Many U.S. banks have tightened their lending standards for residential real estate (REE) loans and home equity lines of credit (HELOC) in the second quarter amid the collapse of regional banks and a cascade of interest rate hikes by the Federal Reserve to tame inflation.
Banks expect to further tighten standards for the remainder of the year, according to the Fed’s quarterly senior loan officer opinion survey (SLOOS) released on Monday.
The survey showed that a 20%-plus net share of banks reported having tightened standards on non-qualified-mortgage (QM) jumbo residential loans (21.6%), QM jumbo loans (21.4%) and HELOCs (25%).
A moderate net share of banks tightened standards on non-QM non-jumbo (18.3%), subprime (16.7%), and QM non-jumbo, non-government-sponsored enterprise (non-GSE) eligible loans (12.5%).
In contrast, only modest net shares of banks reported tightening standards on GSE-eligible (5.4%) and government loans (7.5%).
When banks become less willing to offer credit, it can have the same effect as the central bank raising rates. Households and businesses find it more difficult and costly to borrow, which tends to limit demand for goods and services.

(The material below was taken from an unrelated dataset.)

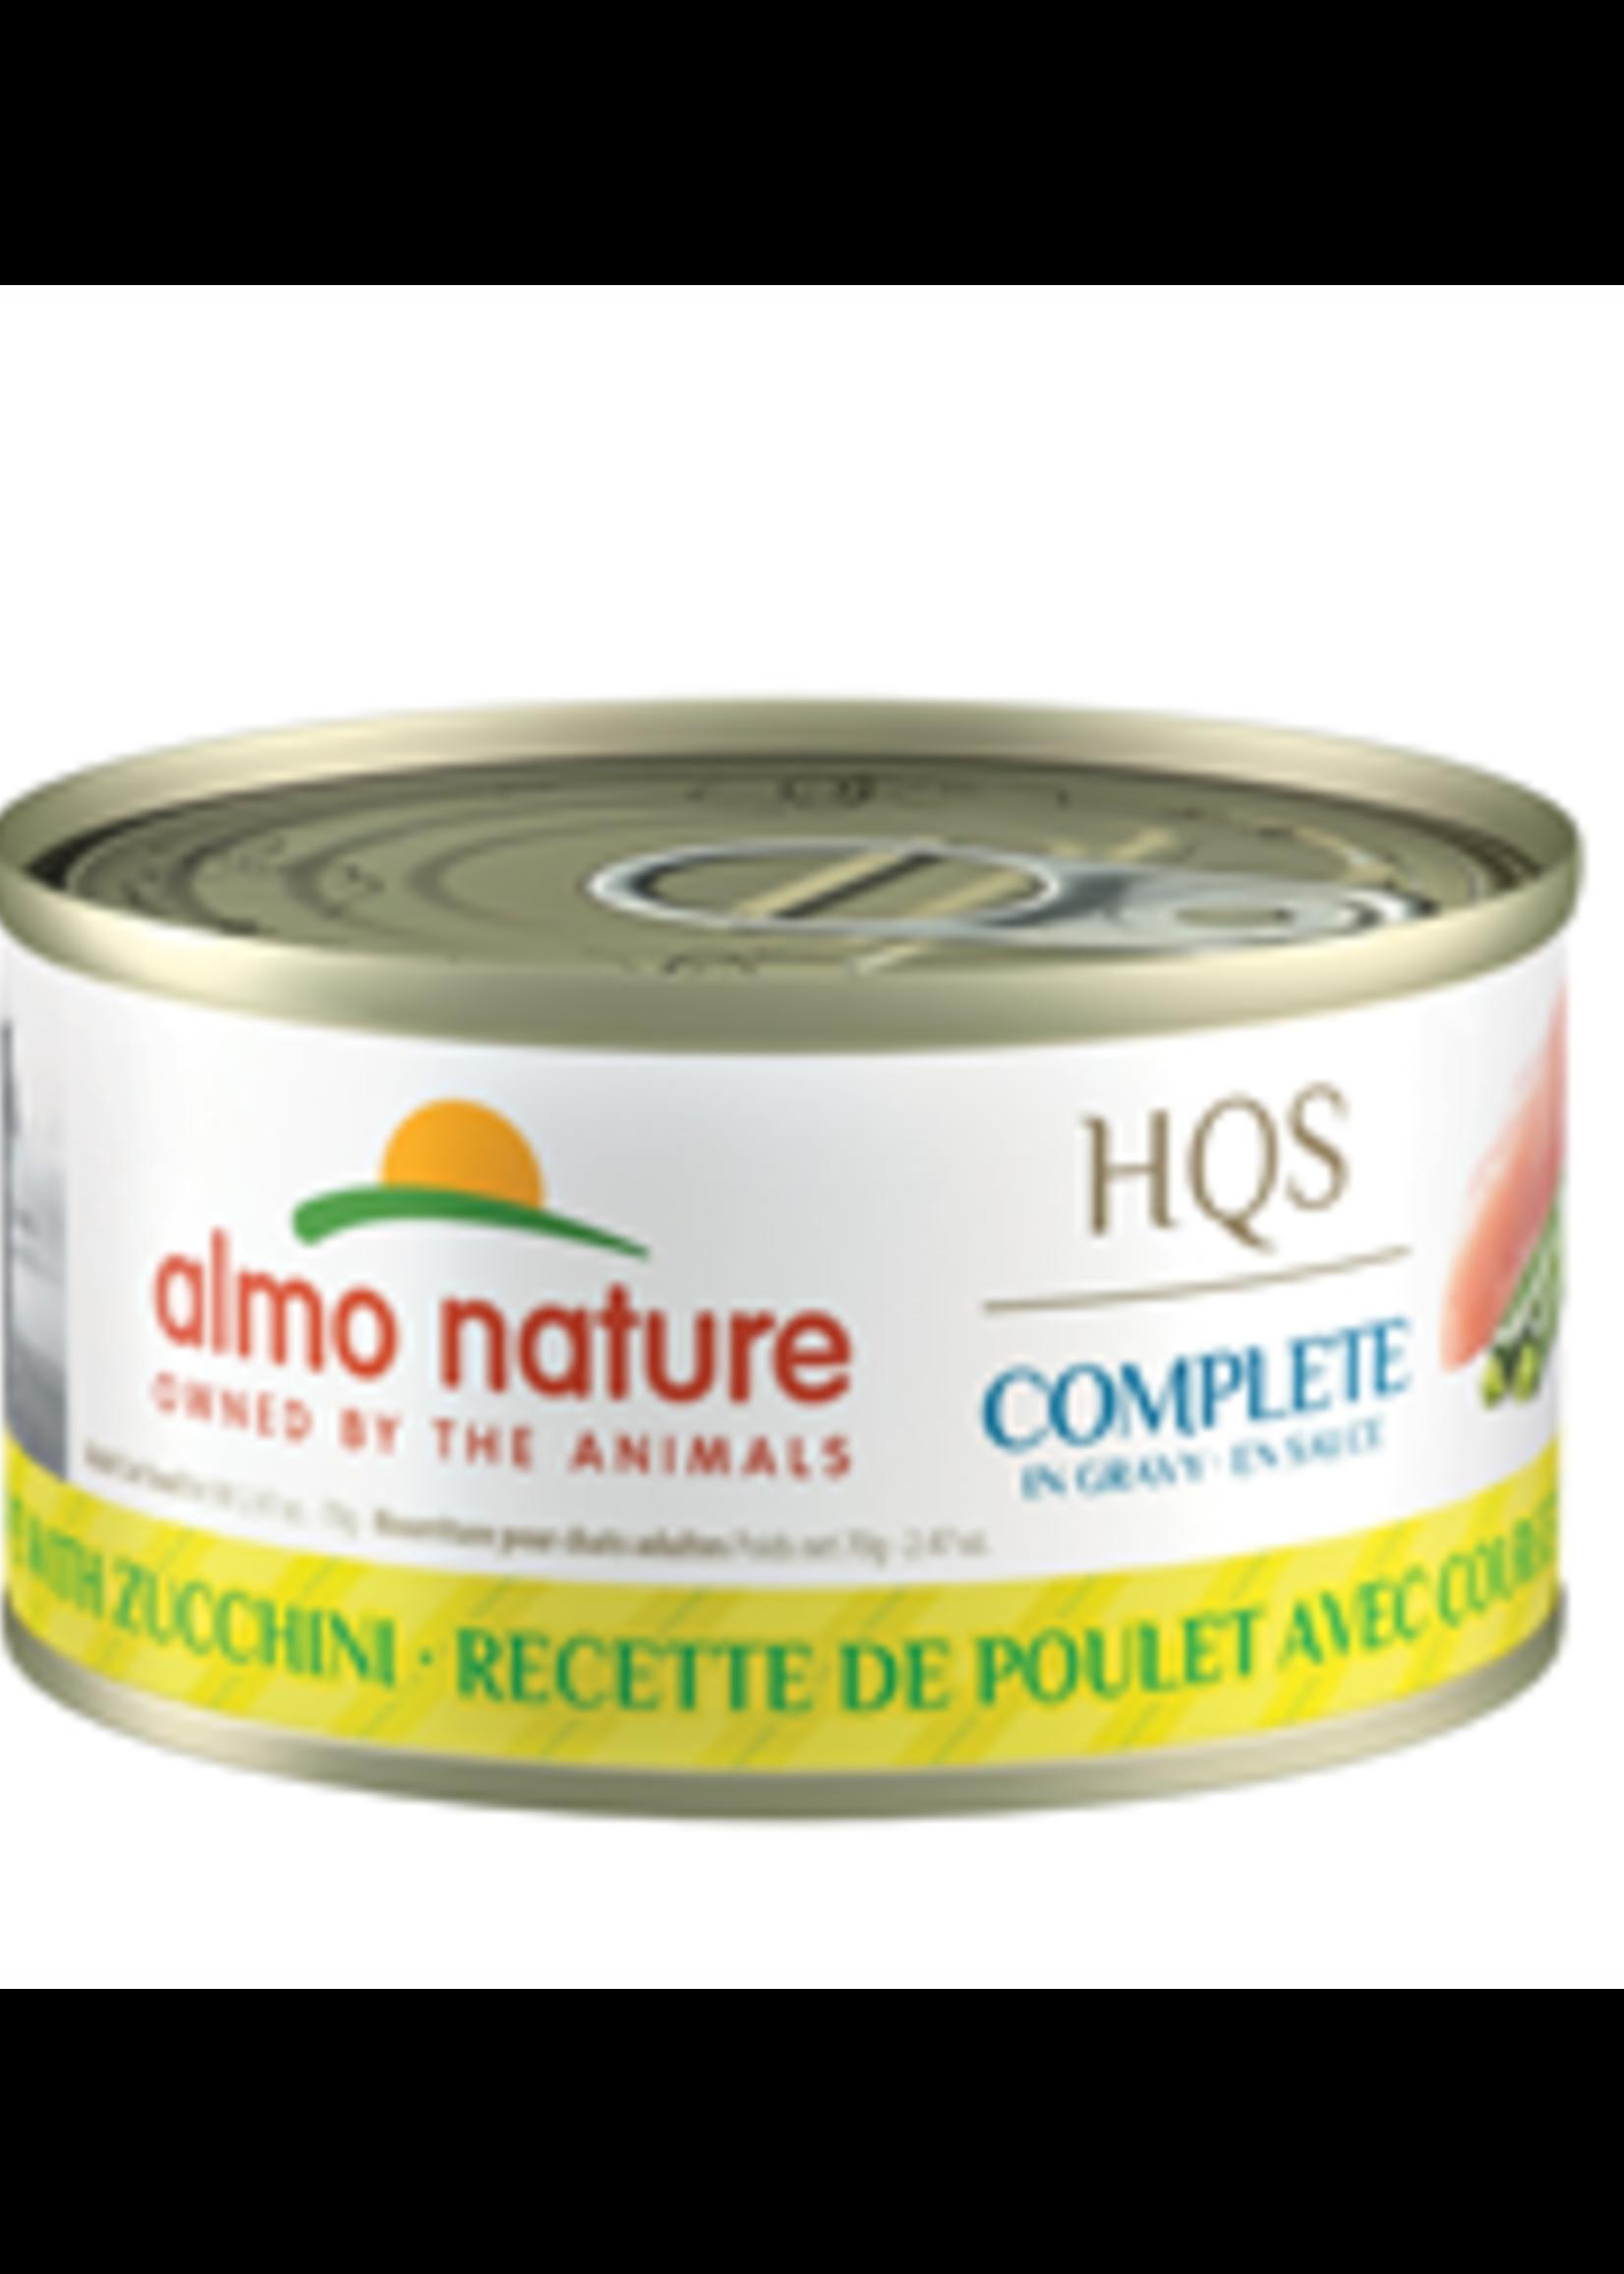 Almo Nature© Almo Nature HQS Complete Chicken Recipe with Zucchini in Gravy 70g

“You’ve got lending conditions tight and getting a little tighter, you’ve got weak demand, and (…) it gives a picture of a pretty tight credit conditions in the economy,” Fed chair Jerome Powell said last week when asked about the survey results.
The survey showed that a net 33.3% of banks reported weaker demand for HELOCs.
A 40%-plus net share of all U.S. banks said they saw weaker demand for all types of RRE loans except for subprime mortgage loans, which saw a moderate net share (36%) of banks reporting weaker demand.
The seven categories of residential home-purchase loans that banks are asked to consider are GSE eligible, government, QM non-jumbo non-GSE-eligible, QM jumbo, non-QM jumbo, non-QM non-jumbo, and subprime mortgage loans.
As for their expectations for the reminder of 2023, respondents gave a fairly gloomy outlook.
“Banks reported expecting to further tighten standards on all loan categories,” the report said.
“Banks most frequently cited a less favorable or more uncertain economic outlook and expected deterioration in collateral values and the credit quality of loans as reasons for expecting to tighten lending standards further over the remainder of 2023.”
Responses were received from 66 domestic banks and 19 U.S. branches and agencies of foreign banks. Respondent banks received the survey on June 15, 2023, and responses were due by June 30, 2023. The survey asks officers about topics such as changes in lending terms as well as household demand for loans.
The July SLOOS doesn’t point to a surge of credit tightening which some Fed policymakers worried would occur after the failures of three regional banks — Silicon Valley Bank, First Republic and Signature Bank.
Most recently, Heartland Tri-State Bank of Elkhart, Kansas failed on Friday with the Federal Deposit Insurance Corporation (FDIC) taking control — the first bank to fall since First Republic, the country’s second-largest bank failure in early May.